Keywords: 5-hydroxytryptamine; 5-HT3 receptor; mouse ileum; MDL 72222, m-chlorophenylbiguanide, 2-methyl-5-hydroxytryptamine; granisetron; ondansetron; tropisetron; tetrodotoxin

Introduction

5-Hydroxytryptamine3 receptors are unique among the 5-HT receptors in that they are ligand-gated cation channels, which when stimulated, produce a fast depolarising response (Derkach et al., 1989). The 5-HT3 receptors are almost exclusively located on neurones in both the central nervous system (Kilpatrick et al., 1987; Waeber et al., 1989) and peripheral tissues including the enteric nervous system (Fozard, 1984b). They have been implicated in a range of neuronal functions in both the central nervous system and periphery (Costall & Naylor, 1997; Hoyer et al., 1994). Studies on the 5-HT3 receptor have led to the development of 5-HT3 receptor antagonists which has proved to be a major breakthrough in the control of chemotherapy and radiotherapy induced emesis (Butcher, 1993; Costall & Naylor, 1997). More recently, the 5-HT3 receptor antagonist alosetron has been advanced as a new treatment for the irritable bowel syndrome (Camilleri et al., 1999).

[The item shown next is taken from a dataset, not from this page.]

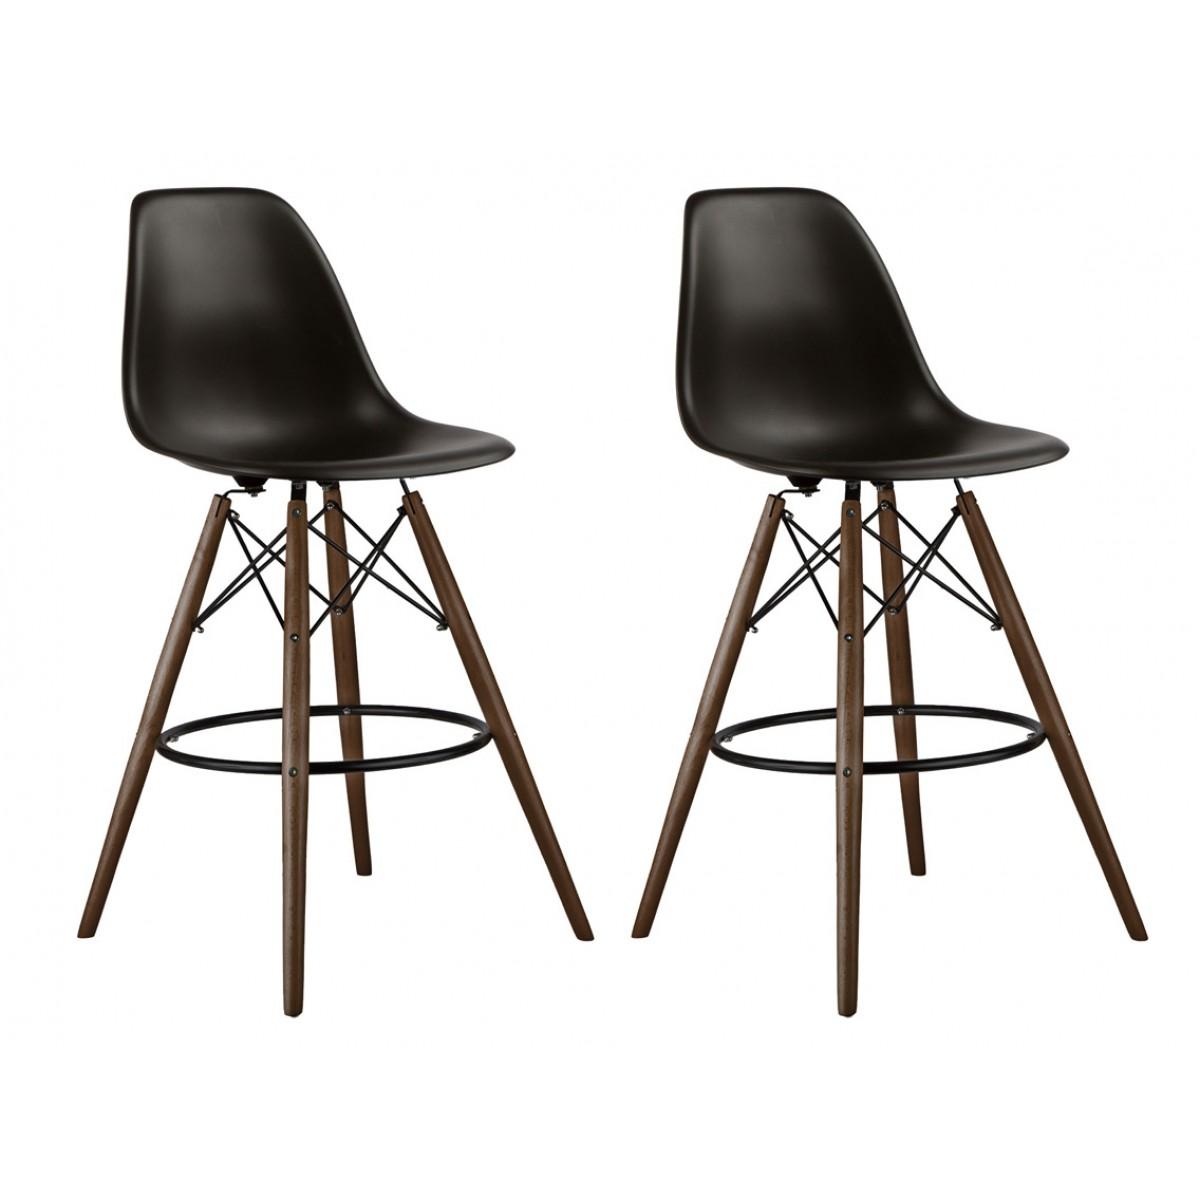 Strange Set Of 2 Black Dsw 26 Inch Counter Stool With Dark Walnut Wood Eiffel Legs Lamtechconsult Wood Chair Design Ideas Lamtechconsultcom

The neuronally located 5-HT receptor-mediating contraction in the guinea-pig ileum through the release of acetylcholine (Gaddum & Picarelli, 1957) was subsequently identified as the first description of a 5-HT3 receptor-mediated response (Bradley et al., 1986). Other functional in vitro preparations which have since been shown to contain 5-HT3 receptors includes the rabbit heart, rat and rabbit vagus nerves (Fozard, 1984b; Ireland & Tyers, 1987; Round & Wallis, 1986), several types of ganglia (Newberry et al., 1991) and neuronally derived cell lines (Lovinger, 1991; Sepulveda et al., 1991).

Much is now known about the 5-HT3 receptor function in these tissues with the development of a number of selective 5-HT3 receptor agonists and antagonists. These selective ligands have revealed differences in agonist and antagonist potencies at the 5-HT3 receptor located in tissues obtained from different species leading to speculation for the existence of 5-HT3 receptor subtypes (Hoyer et al., 1994; Richardson & Engel, 1986). A most notable difference is the 5-HT3 receptor agonist and antagonist profile shown by guinea-pig tissues as compared to the 5-HT3 receptor located in other tissues. Thus, 5-HT3 receptor agonists m-chlorophenylbiguanide and 1-phenylbiguanide are inactive in the guinea-pig ileum whereas they are active on the 5-HT3 receptor present in many tissues including the rat and rabbit afferent neurones (Butler et al., 1990; Fozard, 1990; Newberry et al., 1991). Similarly antagonist potencies at 5-HT3 receptors in the guinea-pig tissues are 1–2 log units lower than that in tissues from other species (Hoyer et al., 1994).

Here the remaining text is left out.